We recommend creating your example in Google Colab. This is a free, cloud-based Python environment. That means you do not need to install any special software on your computer. Here are the steps:

  1. Navigate to https://colab.research.google.com/
  2. Choose File --> Upload Notebook in the menu
  3. Upload the notebook you obtained from the previous step
  4. Save a copy in Google Drive

Tip: While Colab does support limited integration with GitHub, the current interface is clunkly. You are welcome to try it for yourself, but you have been warned...

Step 4: Create and Test Your Example

Now for the fun part: create and test your example.

Styleguide:

  • Try to break your example into a few sections. Remember section headers start with ## in markdown cells.
  • Typeset any equations for the example in a markdown cell using LaTeX. Alternately, you may write the equations on paper, take a photo, and embed in the notebook.
  • Place all figures in /notebook/figures/ and all data in /notebooks/data/.
  • Do not include section or subsection numbers. Those will automatically be added.

Graduate students Xian Gao, Elvis Eugene, Bridgette Befort, and Kanishka Ghosh all have experience using Google Colab. Prof. Kantor ([email protected]) is also a great resource.

Step 5: Create a Branch in GitHub

On GitHub, find the drop down box containing "Branch:".

To create a branch, type a meaningful name such as your username or the chapter and example number into the field.

Step 6: Upload your .ipynb File

Select your new branch from the dropdown menu. Then navigate to the /notebooks folder and choose the Upload files button.

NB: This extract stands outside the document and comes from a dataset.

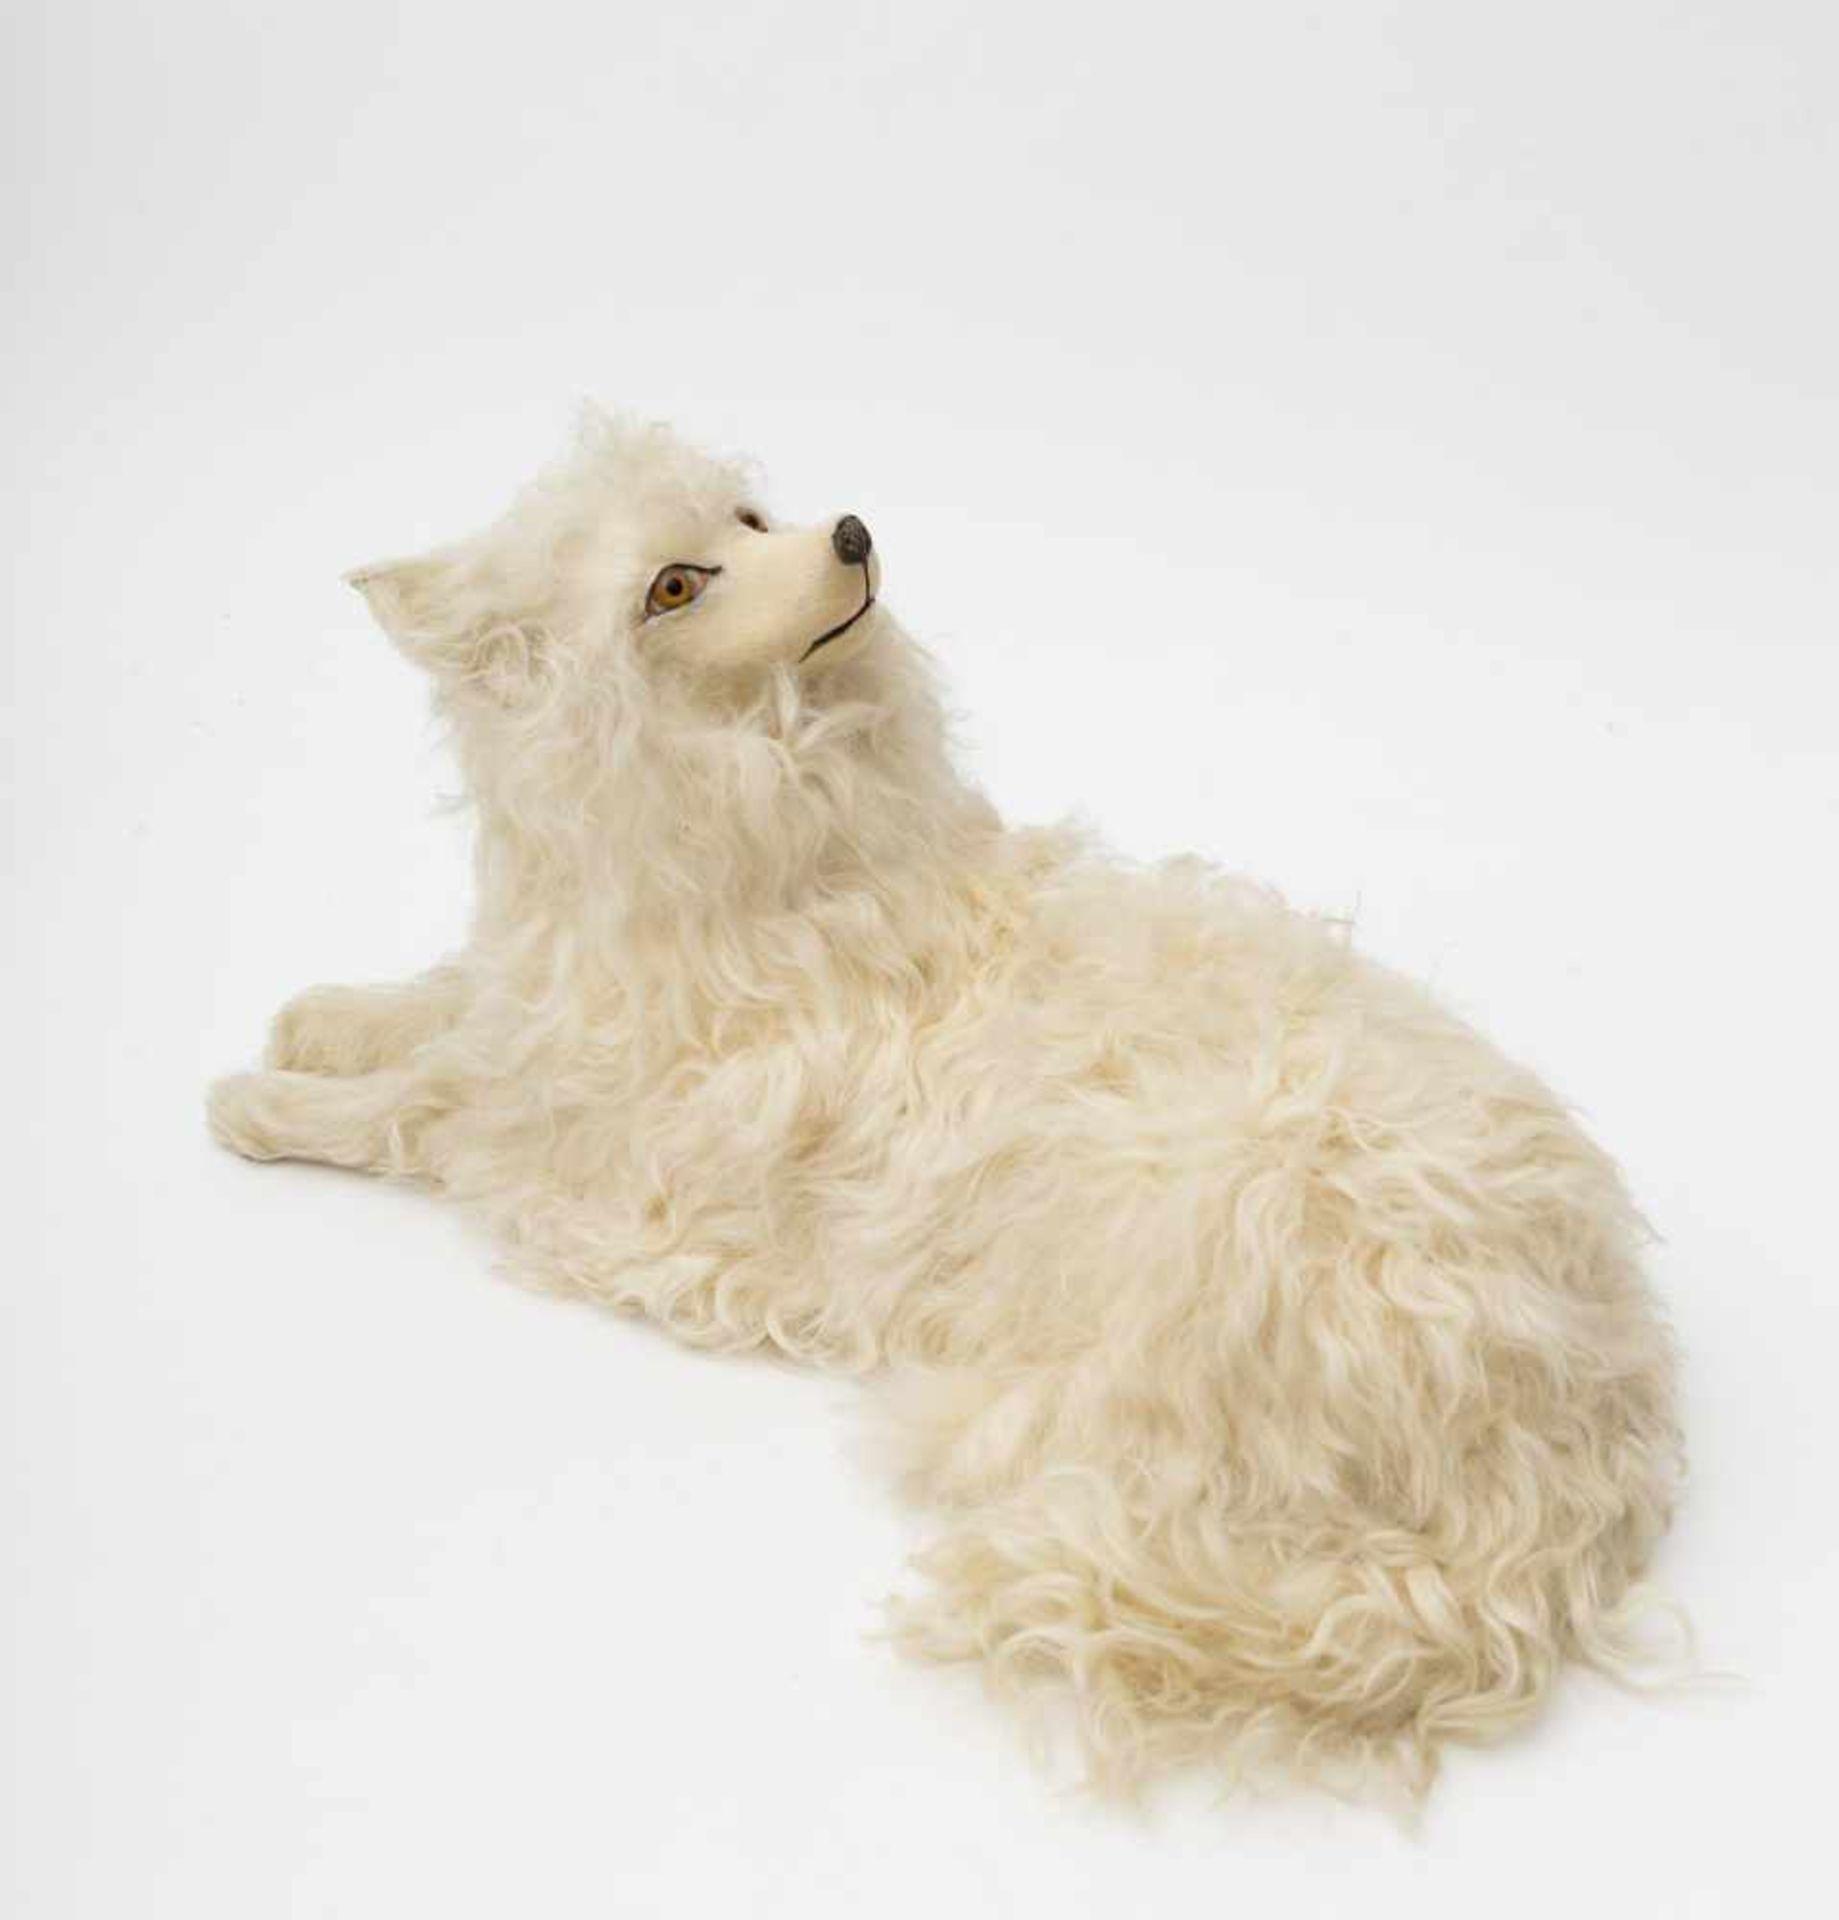 Pyjama carrier Depicting a Pomeranian dog.

Note: Advanced users are welcome to modify Steps 3, 4, 5, and 6 to instead edit on their local machine. We recommend using anaconda and your favorite git desktop client (or the command line interface).

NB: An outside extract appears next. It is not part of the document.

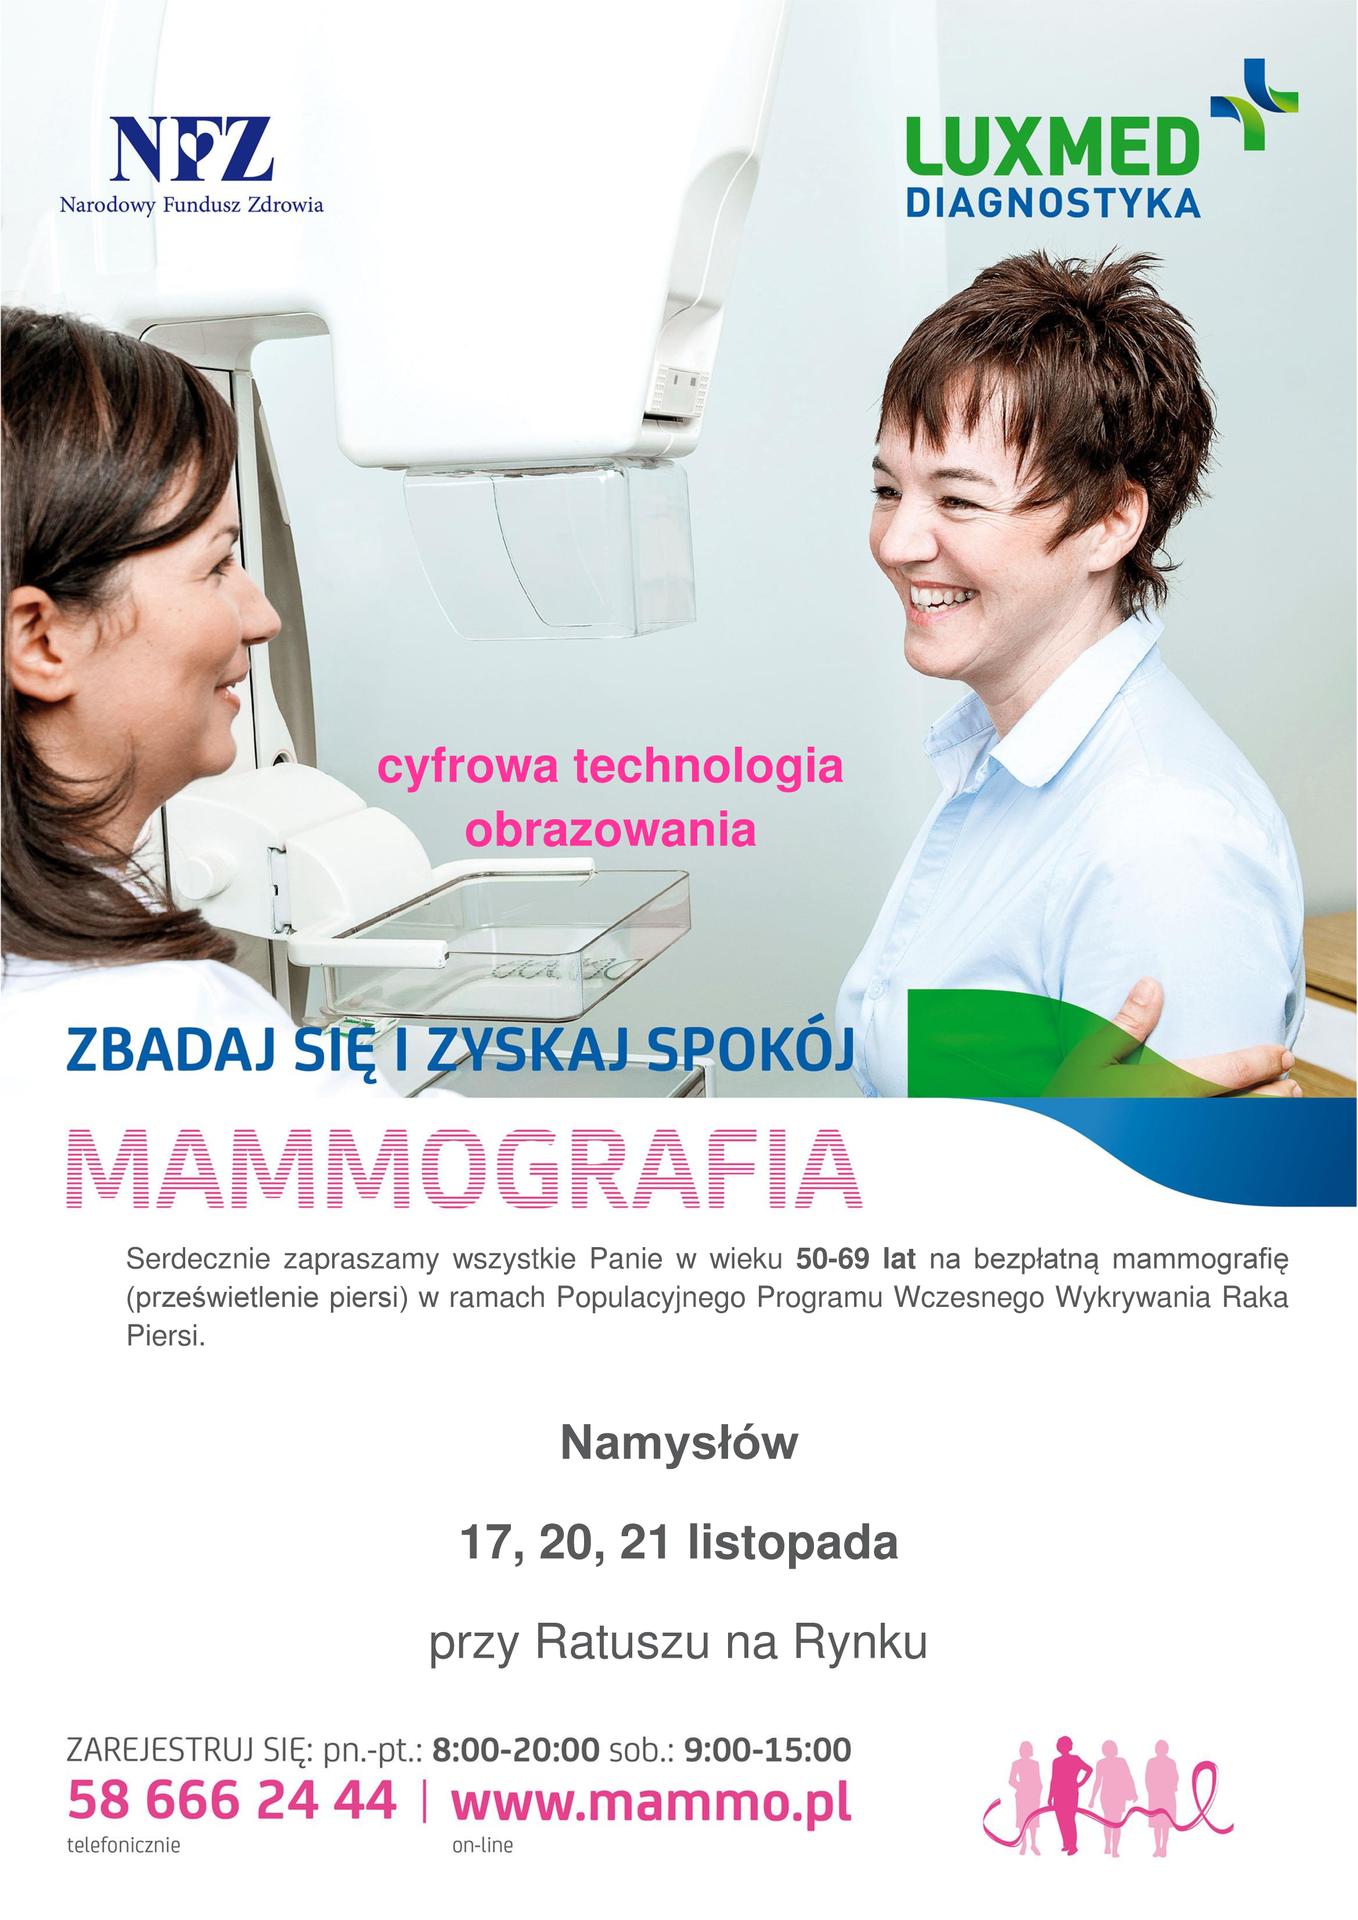 mammografia plakat pazdziernik.jpeg

Step 7: Create a Pull Request

Once your example is ready, create a pull request to merge into the master branch. After uploading the new notebook file to your branch, you should see an orange/yellow box with your branch name.

Choose Compare & pull request.

This should take you to a screen with the title Open a pull request:

Make sure you see master <-- your branch name. Then add a descriptive comment (what did you change) and click Create pull request.

Email Prof. Dowling after you create your pull request. You must do this by 11am EDT the day of your presentation at the latest.

Step 8: Run nbpages to Publish to the Class Website

Prof. Dowling will publish your notebook to the class website. Why the time deadline (11am)? There is a significant delay in updating the cache on GitHub pages.